Reinforcement learning algorithms — algorithms that enable software agents to learn in environments by trial and error using feedback — update an agent’s parameters according to one of several rules. These rules are usually discovered through years of research, and automating their discovery from data could lead to more efficient algorithms, or algorithms better adapted to specific environments.
DeepMind’s solution is a meta-learning framework that jointly discovers what a particular agent should predict and how to use the predictions for policy improvement. (In reinforcement learning, a “policy” defines the learning agent’s way of behaving at a given time.) Their architecture — learned policy gradient (LGP) — allows the update rule (that is, the meta-learner) to decide what the agent’s outputs should be predicting while the framework discovers rules via multiple learning agents, each of which interacts with a different environment.
In experiments, the researchers evaluated the LPG directly on complex Atari games including Tutankham, Breakout, and Yars’ Revenge. They found that it generalized to the games “reasonably well” when compared with existing algorithms, despite the fact the training environments consisted of environments with basic tasks much simpler than Atari games. Moreover, the agents trained with the LPG managed to achieve “superhuman” performance on 14 games without relying on hand-designed reinforcement learning components.
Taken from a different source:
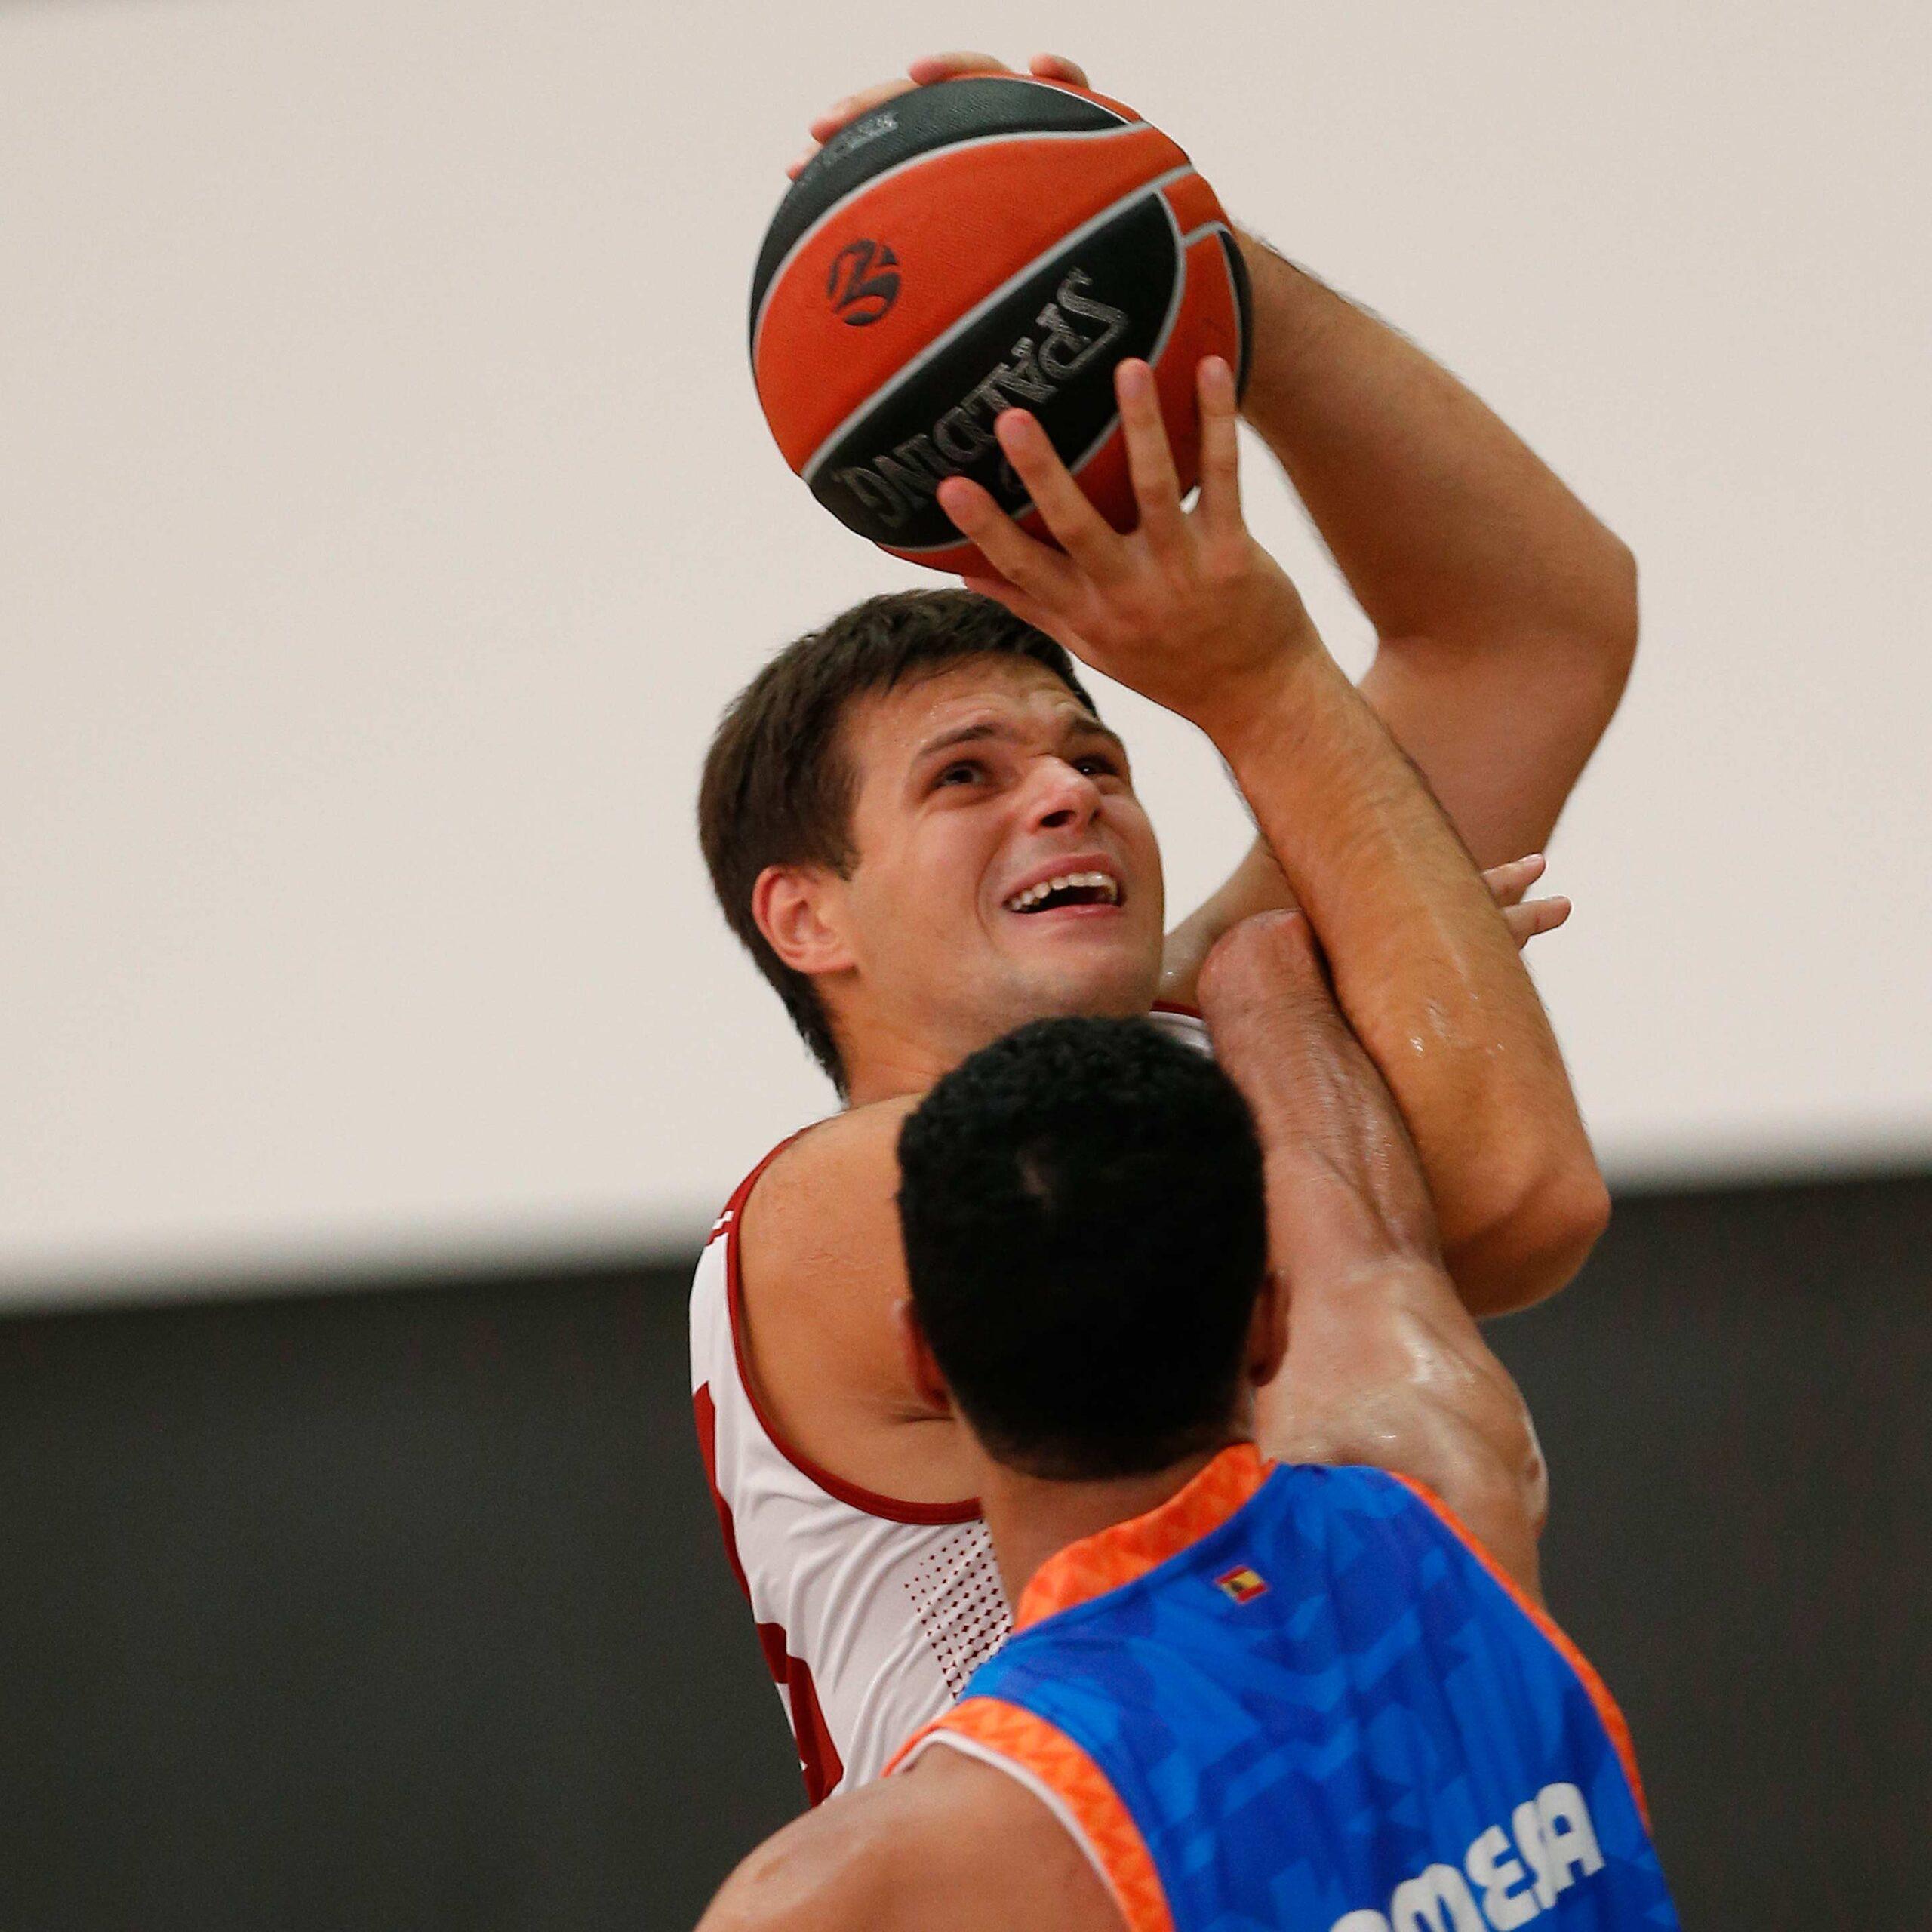 Gheorghe Rebeja Basketball

The coauthors noted that LPG still lags behind some advanced reinforcement learning algorithms. But during the experiments, its generalization performance improved quickly as the number of training environments grew, suggesting it might be feasible to discover a general-purpose reinforcement learning algorithm once a larger set of environments are available for meta-training.
“The proposed approach has the potential to dramatically accelerate the process of discovering new reinforcement learning algorithms by automating the process of discovery in a data-driven way. If the proposed research direction succeeds, this could shift the research paradigm from manually developing reinforcement learning algorithms to building a proper set of environments so that the resulting algorithm is efficient,” the researchers wrote. “Additionally, the proposed approach may also serve as a tool to assist reinforcement learning researchers in developing and improving their hand-designed algorithms. In this case, the proposed approach can be used to provide insights about what a good update rule looks like depending on the architecture that researchers provide as input, which could speed up the manual discovery of reinforcement learning algorithms.”